THIS Python Library Simplifies Working With Pandas
Introduction
Recently, I explored a fantastic library called Sketch. This library enhances your experience with Pandas by allowing you to ask questions about your dataframe and even provides you with the actual Pandas code for your queries. This is a step up from libraries like PandasAI, which only offer answers without revealing the underlying code. Let’s dive in and see how Sketch works.
Installation
Installing Sketch is straightforward. Simply type pip install sketch in your command prompt or terminal. After installation, you can import it alongside Pandas to get started.
Using Sketch
For demonstration purposes, I’ll load some sample data. Instead of explaining the dataset myself, I can leverage Sketch’s capabilities. By using sketch.ask, I can inquire about the dataset. For example, when I asked what the dataset is about, the AI informed me that it details customer purchases and enumerated the columns involved.
Next, I wanted a simple name and a short description for each column, formatted as an HTML list. Just like that, Sketch provided the desired output, which is particularly useful when dealing with column headers that may have abbreviations.
Next, I thought it would be interesting to ask the AI about potential analyses I could perform on the data. Sketch suggested various analyses, including calculations of sales amounts across different branches or products and monthly sales grouping. It even proposed exploring intriguing relationships within the data.
When I wanted to understand how ratings relate to total sales, Sketch provided a suggestion, even though the dataset didn’t explicitly contain a “total sales” column—just one labeled “total.” I copied the suggested code into a new cell, which generated a scatterplot with appropriate comments and labels. The result showed no clear correlation between ratings and total sales.
Next, I aimed to identify product lines with the highest profits. Since the dataset lacked a profit column, Sketch facilitated the creation of this column, allowing me to find the top five products with the highest profit amounts.
Sketch can also create plots. I asked it to plot total sales by gender, and once again received the Python code needed to execute this task. Additionally, I wanted to visualize sales by month, which required some data wrangling.
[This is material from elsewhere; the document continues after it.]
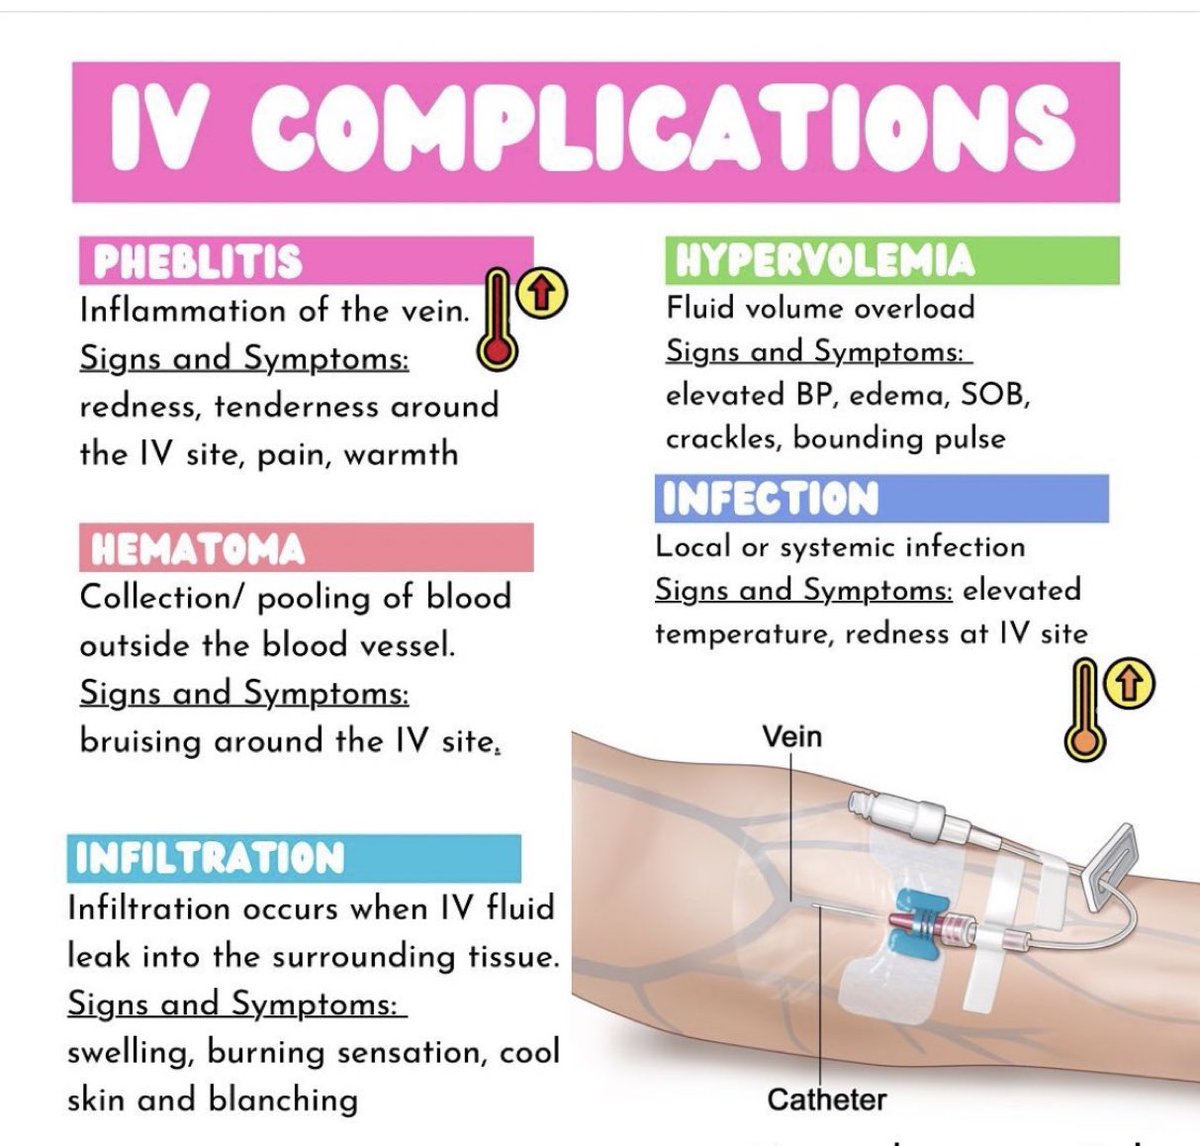 IV complications

Sketch provided the necessary steps, and I could specify using Plotly for the visualization. The resulting interactive Plotly chart displayed sales grouped by hour of the day.
How it works
So, how does Sketch function? According to the GitHub repository, Sketch summarizes the data and sends it to a large language model. It’s essential to consider this, especially when handling sensitive data. Unlike PandasAI, which randomizes the data before processing, Sketch does not apply similar measures, so caution is advised when using it with proprietary information.
Outro
In conclusion, Sketch is a promising library that simplifies working with Pandas by allowing users to ask questions and receive code snippets for various tasks. Although I didn’t cover all its functionalities, I encourage you to check out the GitHub repository for more details. I’ll also upload this notebook to my GitHub repo for those interested in experimenting with the data. Thanks for reading!